I like kaan's elegant solution. In case you meant this...here's one where the "ddd" would only be removed if matched as a whole:
import Data.List (group,isPrefixOf,delete)
f needles str = g (group needles) str where
g needles [] = []
g needles xxs#(x:xs)
| null needle' = [x] ++ g needles xs
| otherwise = let needle = head needle'
in g (delete needle needles) (drop (length needle) xxs)
where needle' = dropWhile (not . flip isPrefixOf xxs) needles
Output:
*Main> f "dddog" "bigdddddog"
"biddg"
*Main> f "dddog" "bdigdogd"
"bdidgd"
No monadic solution yet, there you go:
import Control.Monad.State
myFunc :: String -> State String String
myFunc [] = return ""
myFunc (x:xs) = get >>= f where
f [] = return (x:xs)
f (y:ys) = if y == x then put ys >> myFunc xs
else myFunc xs >>= return . (x:)
main = do
let (a,b) = runState (myFunc "bigdddddog") "dddog" in
putStr a
Using predefined functions from Data.List,
-- mapAccumL :: (acc -> x -> (acc, y)) -> acc -> [x] -> (acc, [y])

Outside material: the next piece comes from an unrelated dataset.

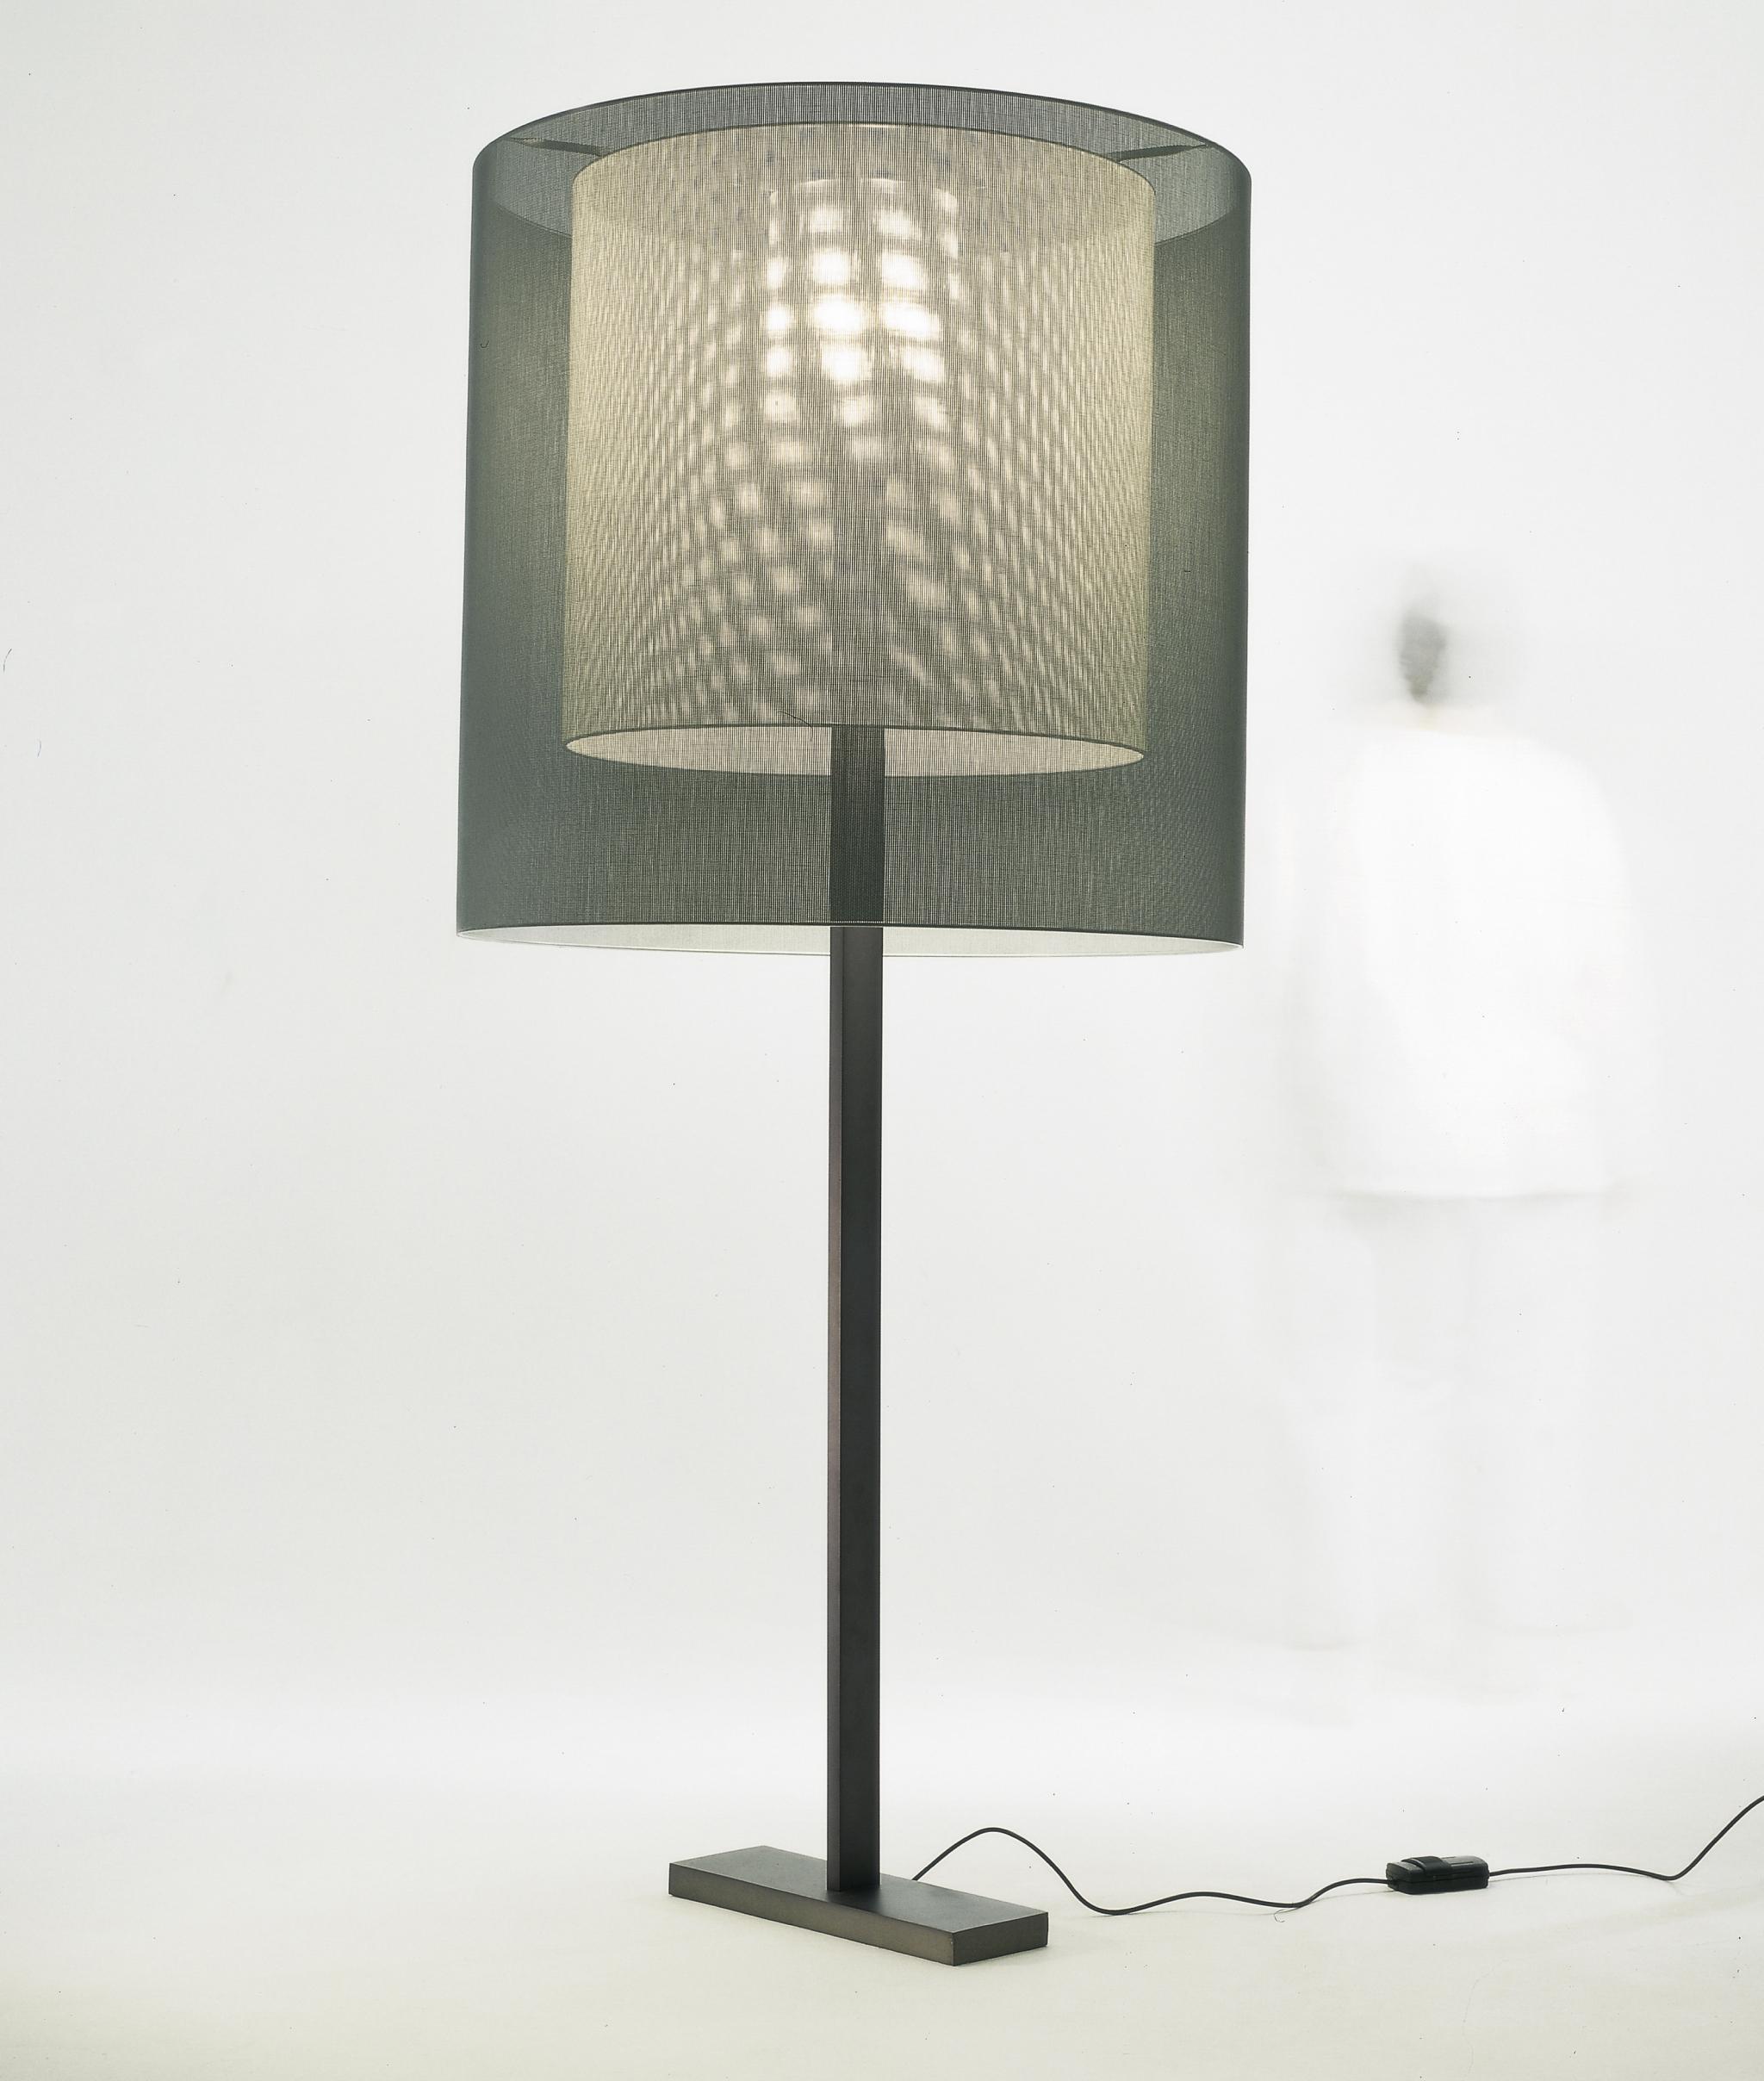 tripodes lamparas lamps catalogo cole lamp team carmenmasia santa suspension raw en pendant de distributor

-- lookup :: (Eq a) => a -> [(a, b)] -> Maybe b
{-# LANGUAGE PatternGuards #-}
import Data.List
picks [] = [] -- http://stackoverflow.com/a/9889702/849891
picks (x:xs) = (x,xs) : [ (y,x:ys) | (y,ys) <- picks xs]
myFunc a b = concat . snd $ mapAccumL f (picks a) b
where
f acc x | Just r <- lookup x acc = (picks r,[])
f acc x = (acc,[x])
Testing:
Prelude Data.List> myFunc "dddog" "bigdddddog"
"biddg"
edit: this is of course a bit more complex than (\\). I'll let it stand as an illustration. There could be some merit to it still, as it doesn't copy the 2nd (longer?) string over and over, for each non-matching character from the 1st (shorter) string, as delete apparently does, used in (\\) = foldl (flip delete).